Residents of Protection Island, across the harbour fron Nanaimo, are balking at this year's property assessment rates, calling the increases "bizarre" and "alarming."
B.C. Assessment mailed out thousands of notices this month, noting most homeowners will see modest increases no higher than five per cent.
But Protection Island has bucked the trend with assessments on more than 100 inland homes rising by more than 10 per cent. Residents call the change puzzling and have appealed to B.C. Assessment to review their values.
Larry Iwaskow says he opened the notice for his 16-year-old Protection Island home and was "outright shocked" at the 32 per cent increase over 2012. He hasn't done any renovations on the house and can't account for the change.
Neither can Barbara LeBrasseur, whose inland home went up 21 per cent, or resident David Essig, whose property value rose 35 per cent.

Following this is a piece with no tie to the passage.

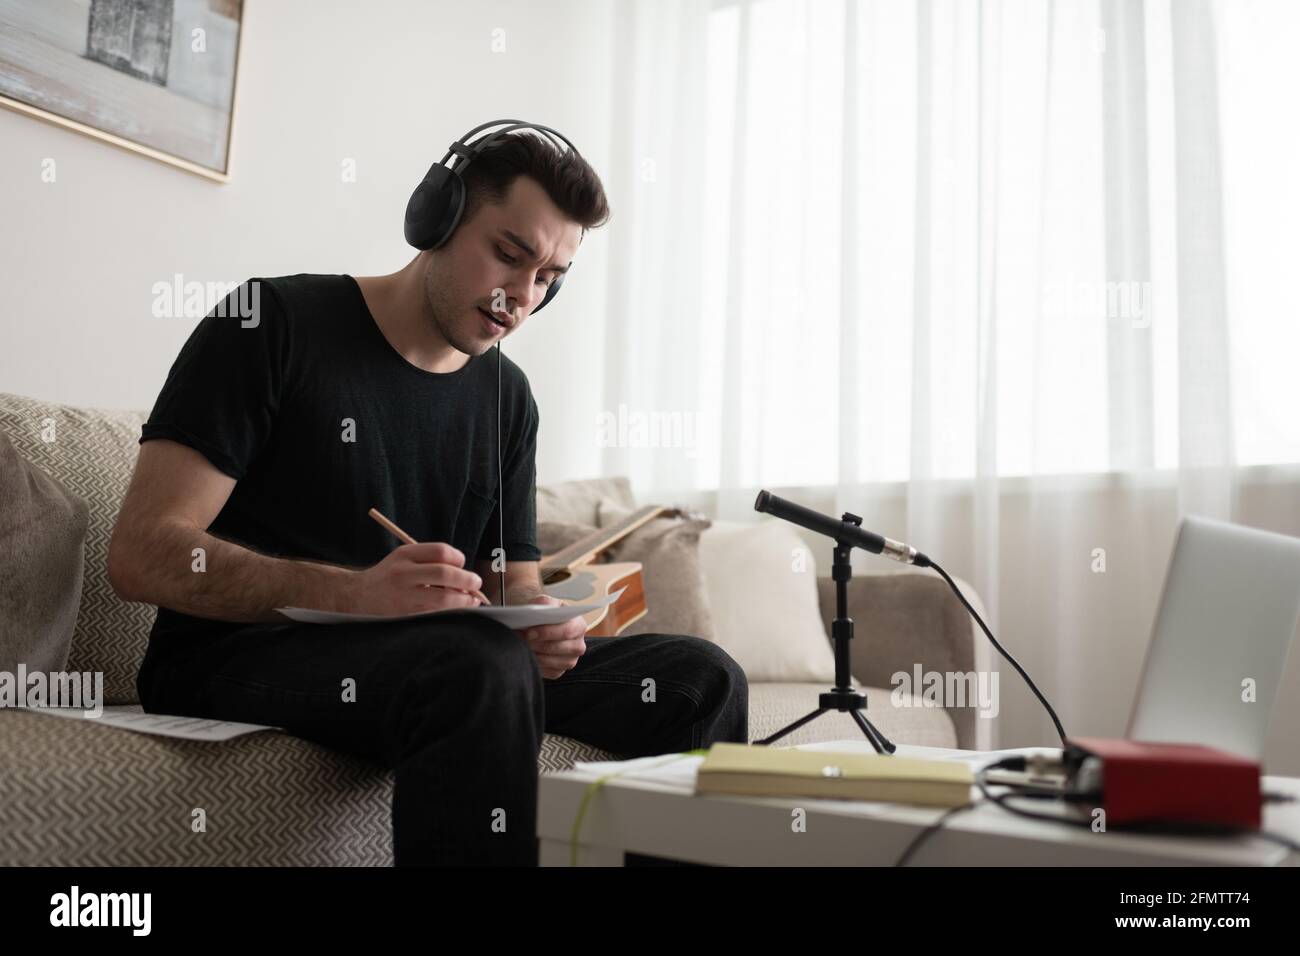 Male musician composing music at home Stock Photo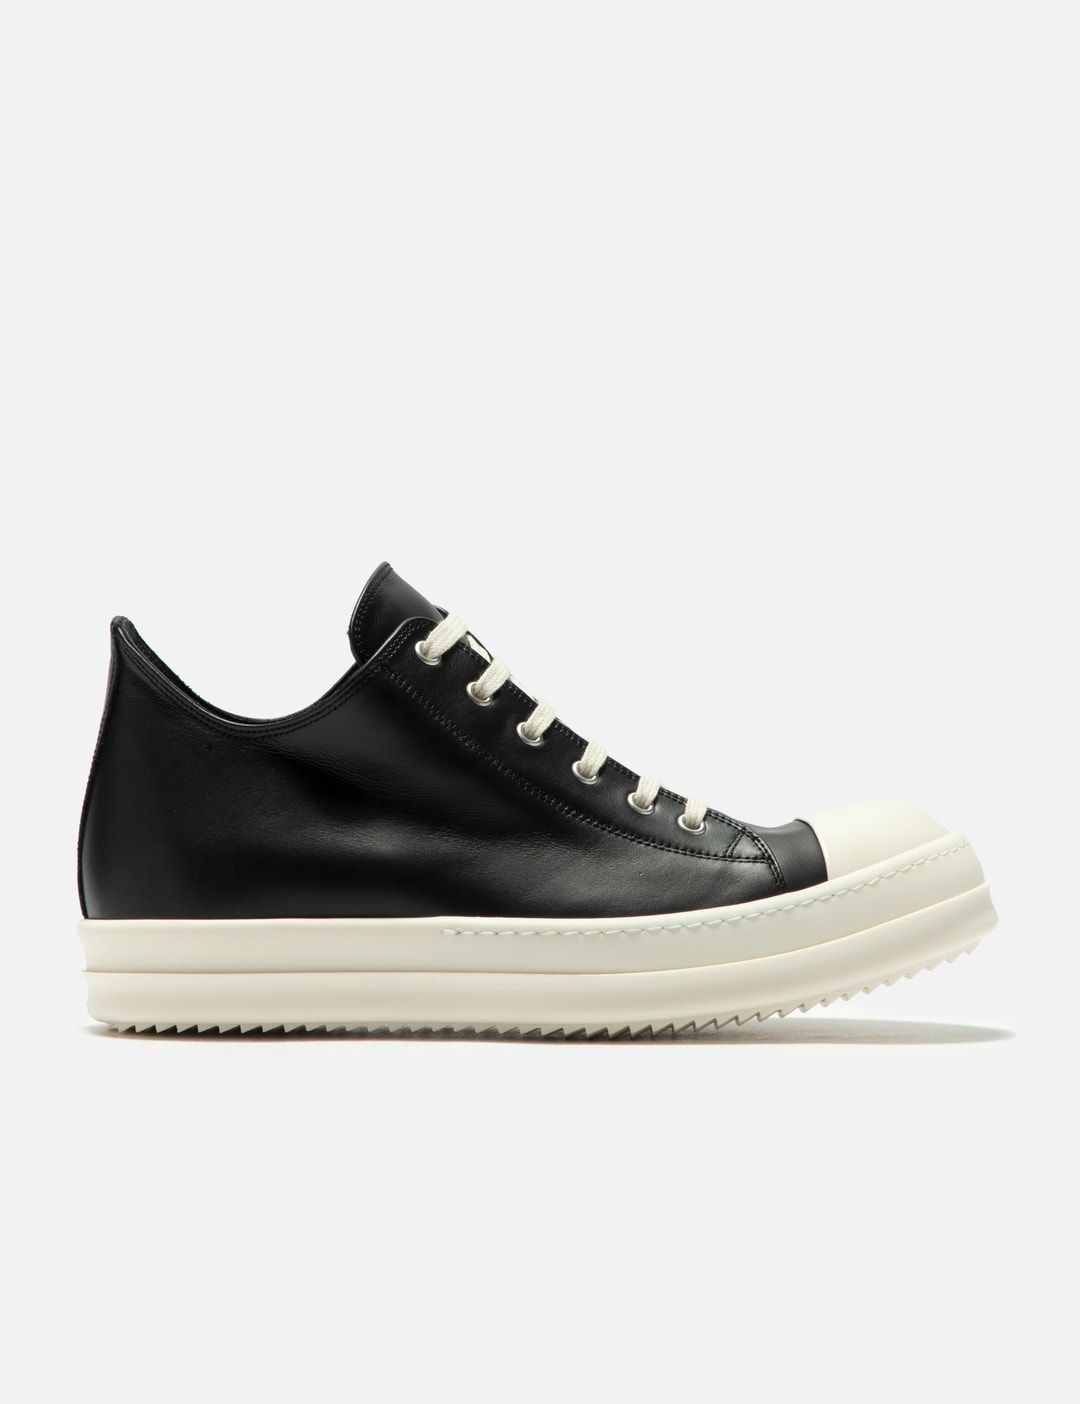 Rick Owens - Low Sneakers | HBX - Globally Curated Fashion and ...

"I don't know how on earth they came up with this," LaBrasseur said. "I haven't done any improvements, there has definitely been no sales in my area and I am not on the waterfront . . . it strikes me as odd."
Central Island assessor Bill MacGougan said B.C. Assessment is reviewing properties on Protection Island and acknowledges some have seen increases they shouldn't have.
There were 133 inland properties that saw values bump up by 10 per cent or higher over 2012, with at least one home seeing a 55-per-cent jump.
Rates above 20 per cent are "unusual" according to MacGougan, who says they have been communicating with island residents about the extreme value changes.
Some homes had seen major renovations or were undervalued in 2012 accounting for a rise in this year's assessment, he said and at least 40 were mistakenly included in the group.
"It was late in the project . . . that this came to our attention that we needed to make changes," MacGougan said. "We had to get the assessment roll out but we recognized we needed to have a deeper look (into Protection Island properties)."
Essig is glad for the second glance.
His home value rose from $289,000 to $390,000 this year, which he says is likely more than the market value.
Residents looking to appeal must file before Jan. 31.